В разговоре с дочерью Джин продолжала гнуть свою линию, и Тана на другой день пожаловалась на нее Гарри:
– У меня такое впечатление, что она целыми днями только и думает, как бы достать меня побольнее, и это ей всегда удается – она каждый раз попадает в точку.
– Мой отец тоже на этом собаку съел. Это – необходимое условие.
– Чего?
– Родительства. По их мнению, мы должны проходить проверку некими тестами. Если мы ее не выдерживаем, они повторяют все снова и снова, пока мы не начинаем делать все, как им нужно. Потом эти испытания периодически возобновляются, пока – к пятнадцати или к двадцати годам – они не доводят нас до ручки. – Тана смеялась, слушая его филиппики. Он теперь был еще красивее, чем год назад, когда они познакомились; девчонки сходили по нему с ума. Около него постоянно увивалось с полдюжины претенденток, но он всегда находил время для нее.
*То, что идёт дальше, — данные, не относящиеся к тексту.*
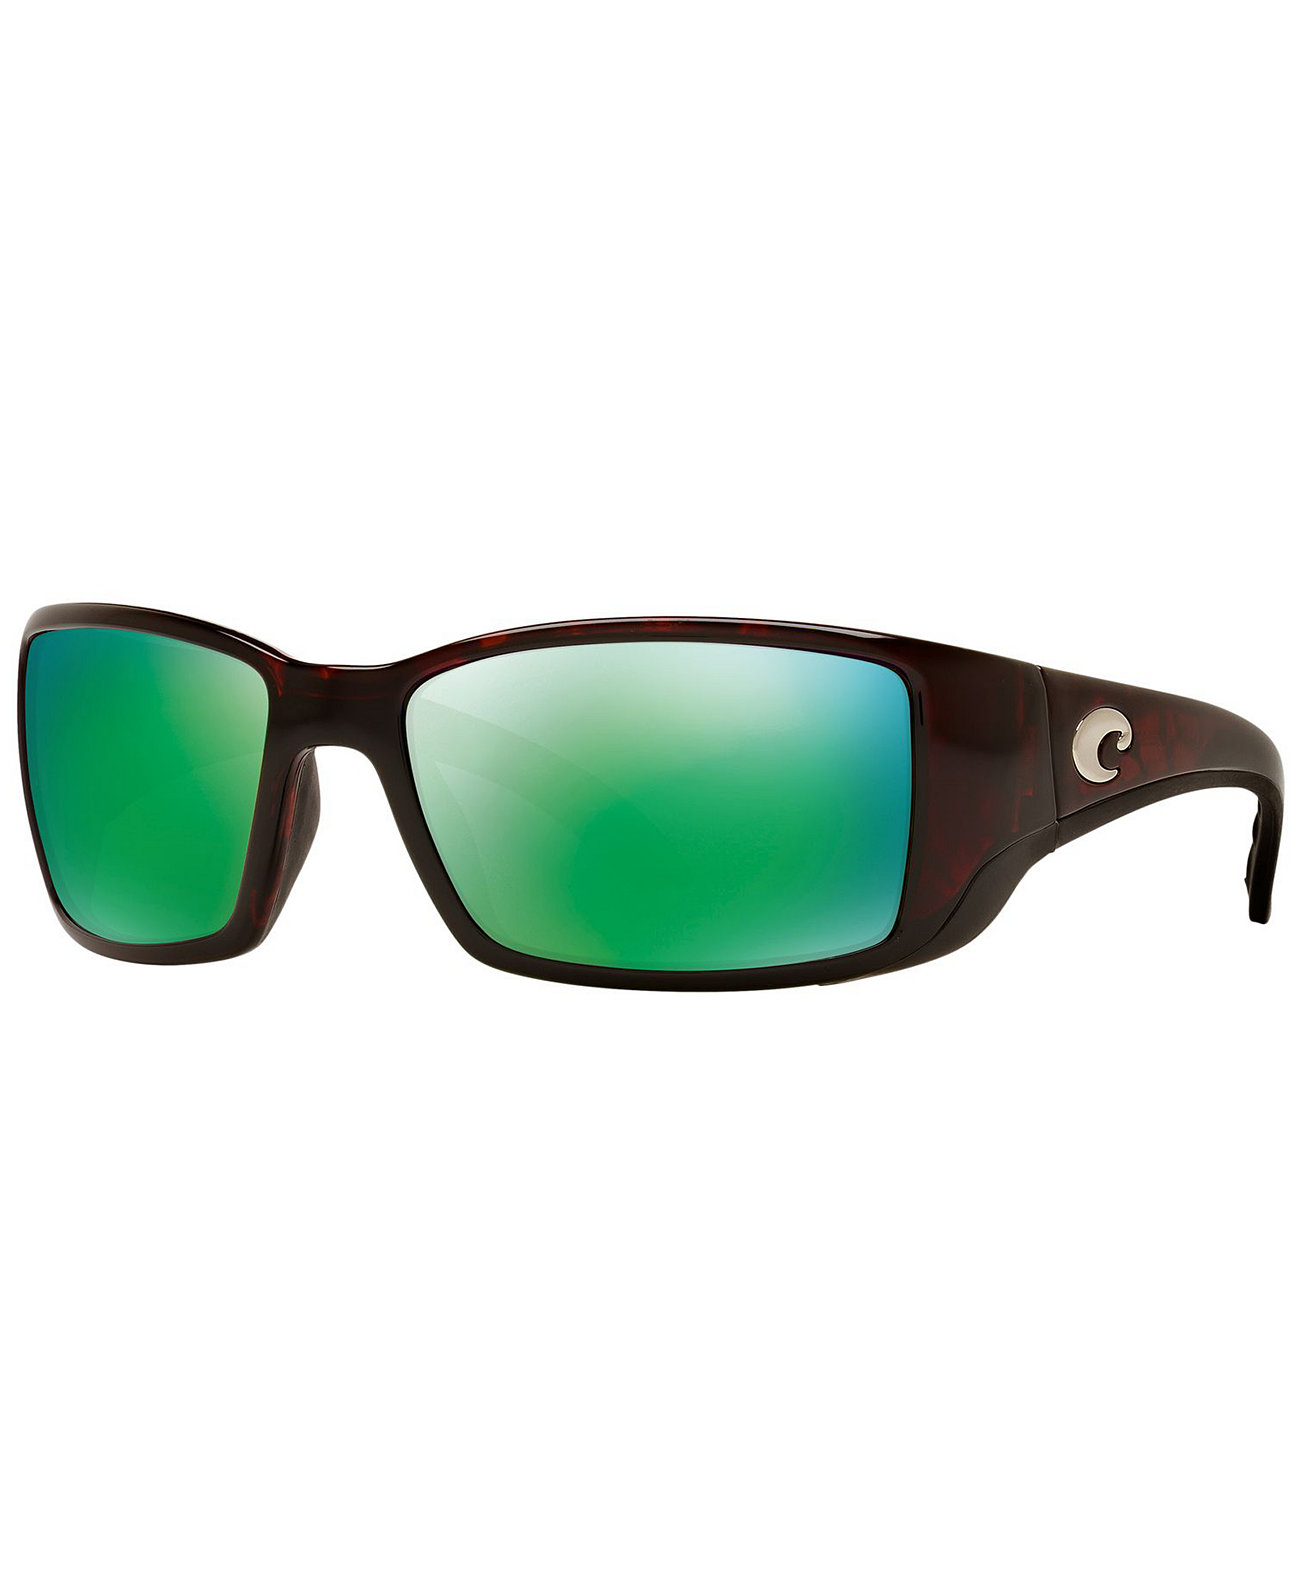 Поляризованные солнцезащитные очки, BLACKFIN 06S000003 62P COSTA DEL MAR
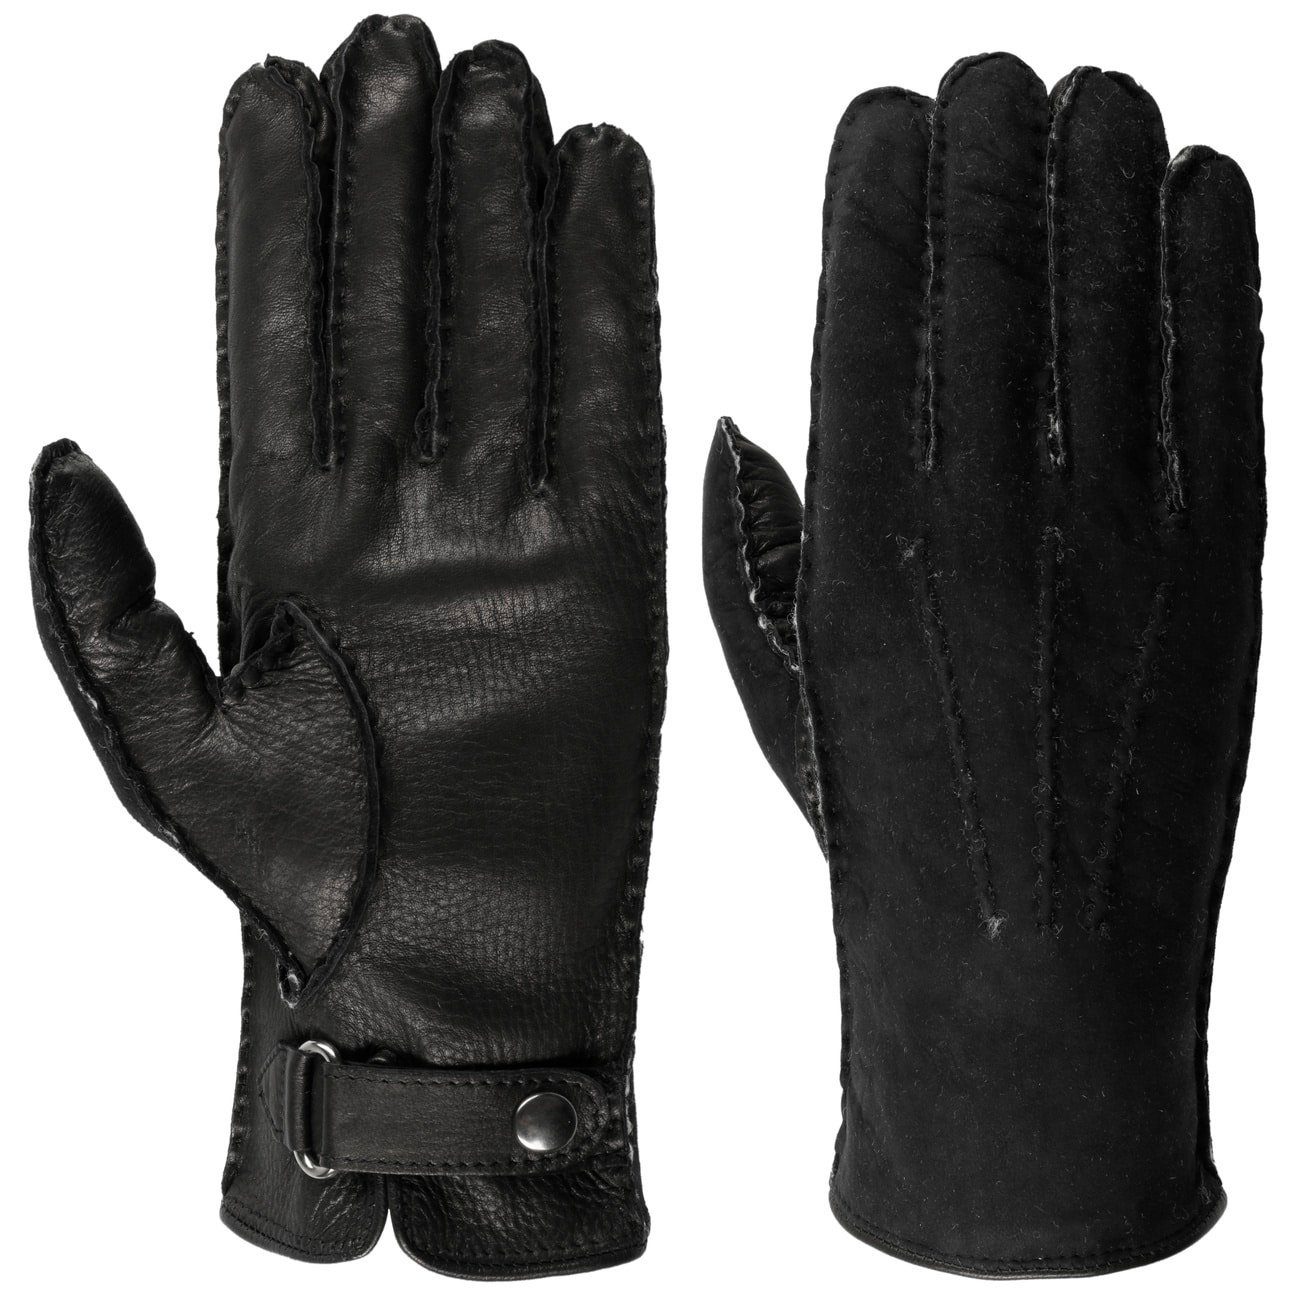 Caridei Lederhandschuhe Handschuhe mit Futter, Made in Italy schwarz-schwarz

Тана была у него на первом месте, она была его другом. На самом деле она значила для него гораздо больше, даже не догадываясь об этом. – Это все пустышки, Тэн. Они как мыльные пузыри, тогда как ты – надолго. – Он не принимал их всерьез, независимо от того, как страстно они его добивались. Он никого не обманывал, не внушая ложных надежд, и никогда не забывал о контрацептивах. – К чему мне всякие сюрпризы, Тэн? Покорно благодарю! Жизнь и так коротка, в ней и без того хватает всякого рода стрессов.
Гарри Уинслоу любил удовольствия – и только. Никаких тебе признаний в любви, никаких обручальных колец, сияющих глаз: единственное, что нужно, – пара каламбуров, батарея пивных бутылок и приятное времяпрепровождение, по возможности в постели. Сердце его было занято, хотя он всячески это скрывал, а другие части тела – отнюдь.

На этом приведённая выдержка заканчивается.